## YOUR ASSIGNMENT:
The required output is an exact restatement of the lines, starting with the one that contains "Nerfing Incendiaries, Fortified" and finishing with the last line of the listing. It contains no pictures.

## INFORMATION SHOWN:
------

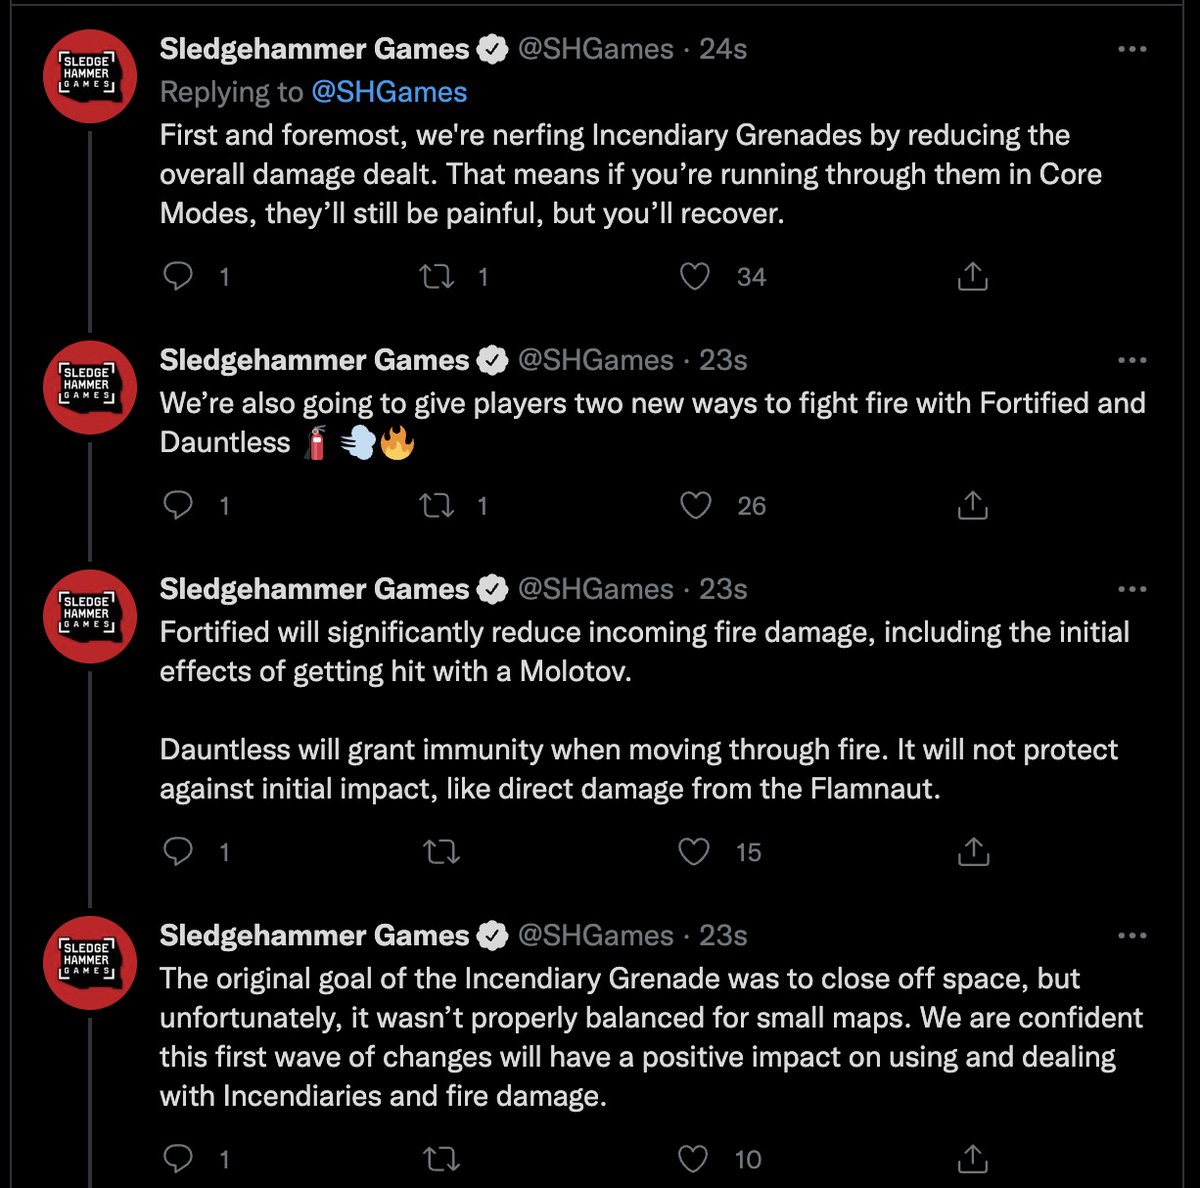 Sledgehammer Games has revealed how they plan to deal with too much fire in #Vanguard. 

Nerfing Incendiaries, Fortified buff, Dauntless changes, and more. https://t.co/nT6FcsEx3H
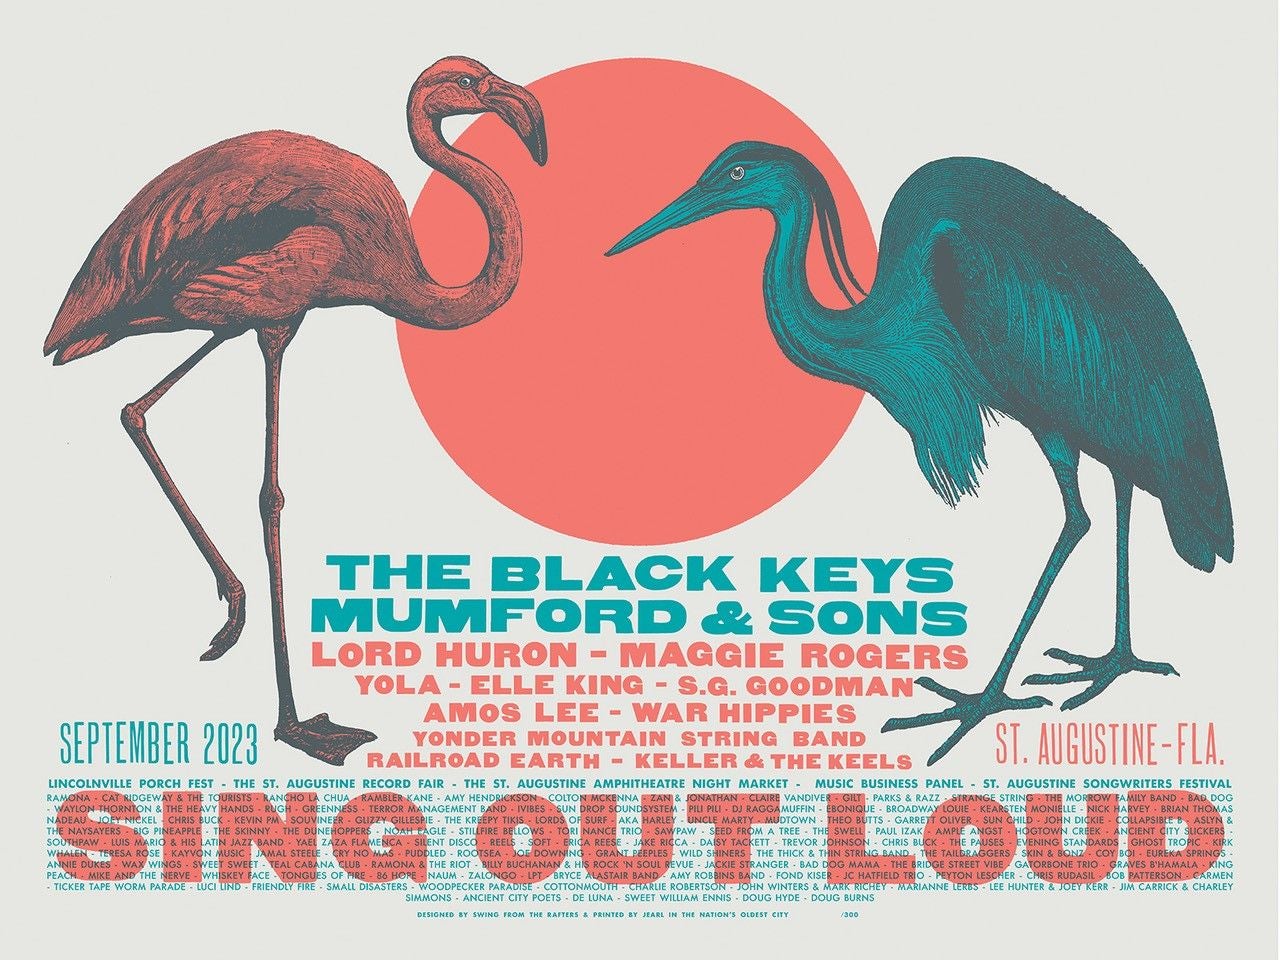 The Black Keys are coming home and ready to rock

------

## OUTPUT OF THE TASK:
Nerfing Incendiaries, Fortified buff, Dauntless changes, and more. https://t.co/nT6FcsEx3H
 The Black Keys are coming home and ready to rock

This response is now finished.